1Sam 16, 1b. 6-7. 10-13a; Sal 22; Ef 5, 1-14; Jn 9, 1-41

«Los vecinos y los que antes solían verlo pedir limosna preguntaban: -«¿No es ése el que se sentaba a pedir?» Unos decían: -«El mismo.» Otros decían: -«No es él, pero se le parece.» Él respondía: -«Soy yo» «. Aparentemente, son los versículos más «prescindibles» de la larga lectura del evangelio de hoy. Cualquiera diría que el relato puede entenderse sin ellos… Y, sin embargo, es este «intrascendente» diálogo de pueblerinos un evangélico «marchamo de autenticidad». De no haber sido real, ¿quién habría reparado en un detalle tan anecdótico y a la vez tan incontestable? ¡A aquel hombre no lo reconocían porque le había cambiado la cara! Es tal la carga de expresividad que los ojos aportan al rostro de un hombre, que un ciego que recupera la vista ya no parece la misma persona… ¡Claro! Es delicioso; casi nos parece estar allí.

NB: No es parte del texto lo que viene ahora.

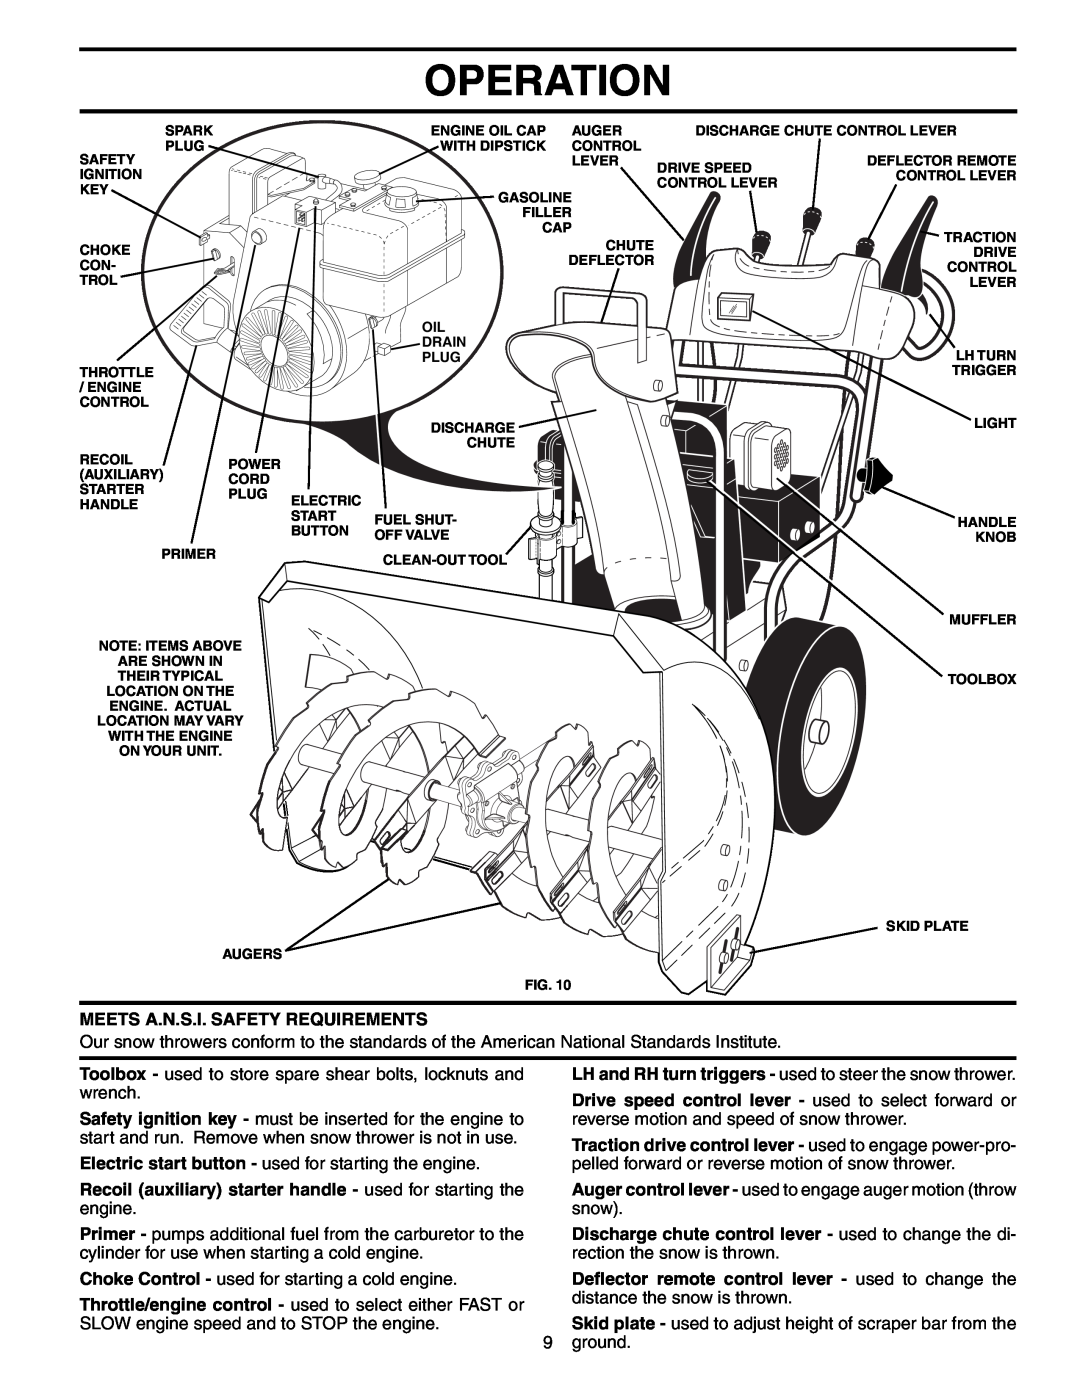 Poulan 192044 owner manual Operation, Meets A.N.S.I. Safety Requirements

Otro diálogo tiene lugar entre los fariseos y el antes ciego. Y toda la ciencia de aquellas personas sin fe saltará en pedazos al estrellarse contra la sencillez de un hombre sin cultura a quien, simplemente, le ha sucedido algo que no puede ocultar. El coloquio es tan delicioso y real como el anterior. Una y otra vez, el antes ciego repite: «no sé»… ¿qué se puede argüir ante un «no sé»? Su sabiduría es tan simple como irrefutable: «sólo sé que yo era ciego y ahora veo». Contra la misma muralla se estrellan los fariseos cuando llaman a sus padres: ellos tampoco saben nada sobre lo escrito en los libros, pero «sabemos que éste es nuestro hijo y que nació ciego». ¿Quieres ser apóstol? ¡Cuenta a todos los hombres lo que te ha sucedido! Y, si aún no te ha sucedido nada, te diré cómo recobró la vista el ciego para que también tú, que no ves, llegues a ver y se mude tu rostro:

Saliva, tierra, y una fuente: Palabra, carne y Espíritu. Es el finísimo lenguaje del Señor. Para recuperar la vista, el ciego recibió en los ojos saliva de Jesús mezclada con tierra. Es la Palabra que Dios ha pronunciado con labios de carne: jamás se abrirán tus ojos a la fe si no lees a diario el santo evangelio. Y, después, un baño en una fuente llamada «del Enviado». No basta saber: tienes que sumergirte en la Vida de Jesús, tienes que recibir su Espíritu en los sacramentos, tienes que ser injertado en Él por la gracia.

Entonces saldrás del baño con ojos nuevos. No serán ya tus ojos, sino los suyos, los ojos de Cristo, y así Él te guiará «por el sendero justo, por el honor de su Nombre». Cuando recobres la vista y veas a través de los ojos de Jesús, reconocerás a tus hermanos donde tu ceguera te mostraba enemigos; reconocerás gracias donde tu ceguera te mostraba desgracias; reconocerás bendiciones donde tu ceguera te mostraba infortunios… ¡Déjate guiar, obedece, oveja ciega, y verás la luz! Pero, si crees que ves, si piensas que no tienes nada que aprender, si estás tan seguro de tu propio juicio que tienes por ciegos a los demás, entonces teme: «Si estuvierais ciegos, no tendríais pecado, pero como decís que veis, vuestro pecado persiste»… Pidámosle a María el primero de los rayos de la luz nueva: el que nos muestre que estamos ciegos.